The expansion will reduce the cost of the materials with which the hydrogen is produced, and thus the price per kilo of it will be reduced.
For the Norwegian company NEL, in 2025, it will be possible to produce green hydrogen for $1.50 per kilo. A figure that would reduce the current cost of just over 60% is estimated at 4 dollars per kg.
According to Ben Gallagher, an analyst at Wood Mackenzie and author of the report, ‘The European Commission’s hydrogen strategy didn’t exist a year ago. The German strategy did not exist a year ago, nor did the Netherlands, Spain, or Portugal. China did not have a net-zero goal by 2060. With President Joe Biden and Vice President Kamala Harris pledging aggressive action to decarbonize the world’s largest economy, the change in US leadership will also help.”
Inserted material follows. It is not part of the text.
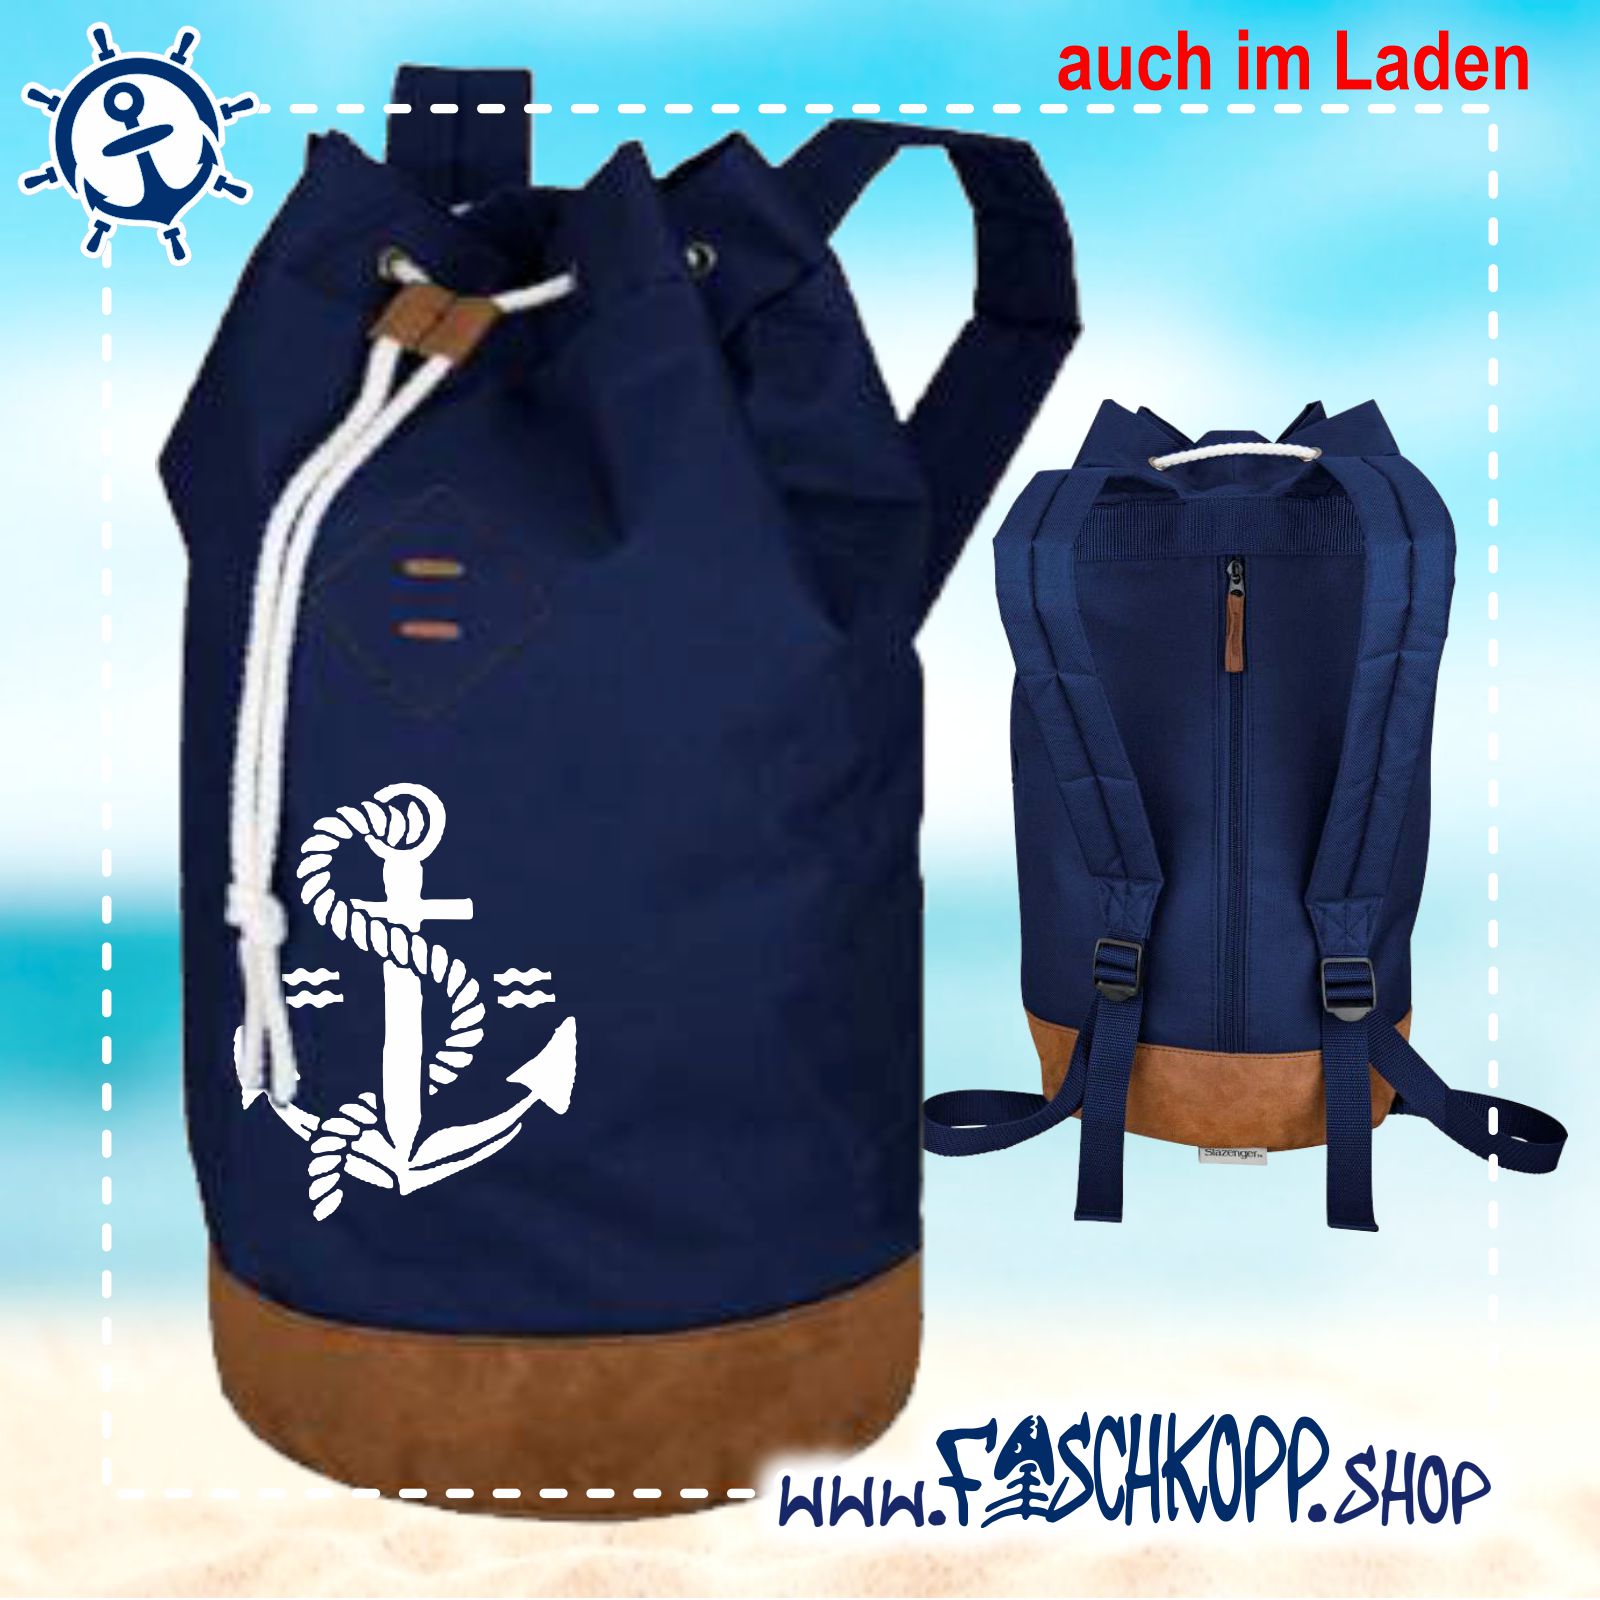 Maritime Baumwoll Rückentüte mit Anker Motiv Seesack Rucksack

One of the main problems with this is that most of the projects are very recent. They have enough detail to allow them to aspire to access public funds. Still, very few have specific buyers that are ready to sign and put the money beyond those looking to directly exchange gray hydrogen for green, or projects promoting hydrogen expansion across sectors such as transportation, where there is still no minimum number of proposals or potential buyers willing to invest.
According to the report, hydrogen still has faraway applications such as air conditioning, transport, or aviation, so they estimate that 80% of the green hydrogen that has been deployed this decade will be used solely to replace hydrogen from fossil fuels.
The big question is whether the sectors that can be potential customers of hydrogen, and that until now had never used it, will do so in the medium or long term. Something that will determine the future of a technology that, as in renewables or batteries, will use public money to start, but that will have to reach maturity at some point to become a true alternative.